I've been lurking around these forums, also, and I must say that it gives me some new appreciation for just how well-behaved Jackie is after reading some of the behavioral issues some kitties have. I really have had, like, NO problems with her. She doesn't destroy anything, she's generally quiet and respectful, she's always kind and loving, perfect with her litterbox... I mean, all of that being said I guess there's always something, even if it's almost inconsequential: she' a fairly messy eater, requiring some cleanup.

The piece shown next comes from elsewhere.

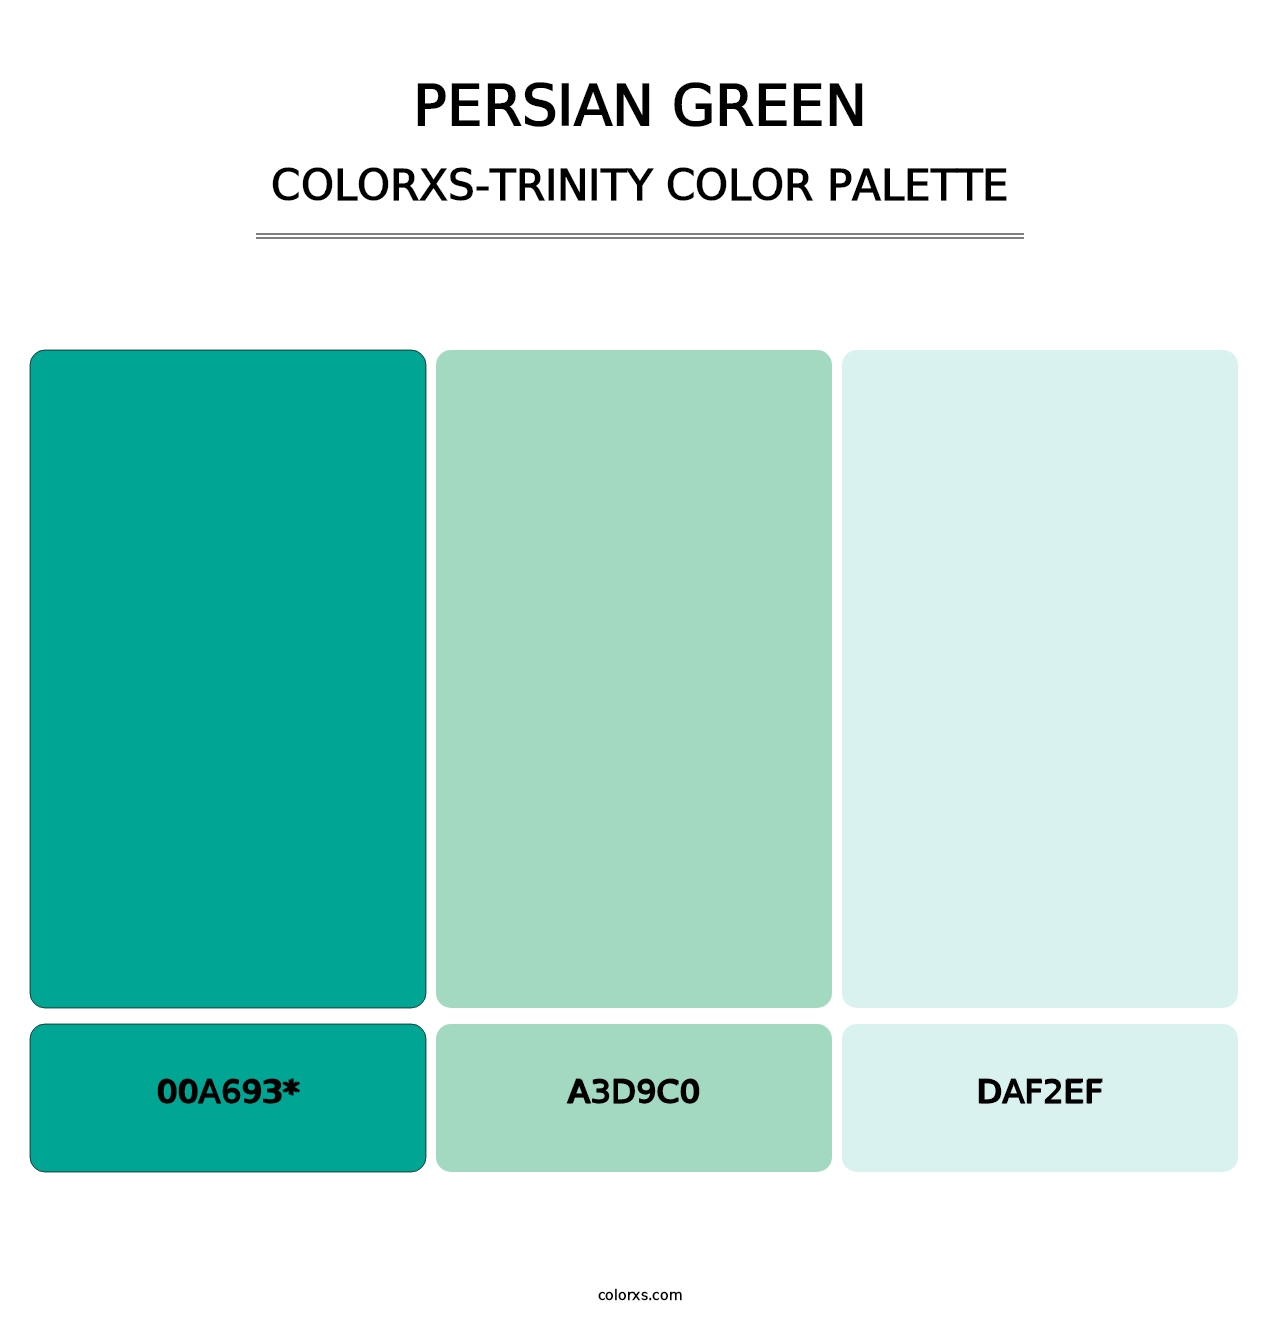 Persian Green - Colorxs Trinity Palette

Also, this past month she has developed a borderline compulsive habit - she likes to lick my hands/fingers. A lot. I don't know, do you guys think it's because they taste good, or is it maybe a grooming thing? I know that it can be a form of affection, the licking, but she gets awfully intense and focused on it once she starts, she's all like "OMG HANDS! I must lick all surfaces three times over as rapidly as possible!" I thought it was cute at first, but it's started to get vaguely annoying, heh.


----------



## Milky's Mammy (Oct 17, 2011)

Hi and welcome to the forum! She is absolutely beautiful! You're so kind to have taken her home and away from the bullying. She looks very happy to be with you!


----------



## MissChainChomp (Nov 3, 2011)

Wow! She is so cute! My friend has a polydactyl too. Again, so cute!


----------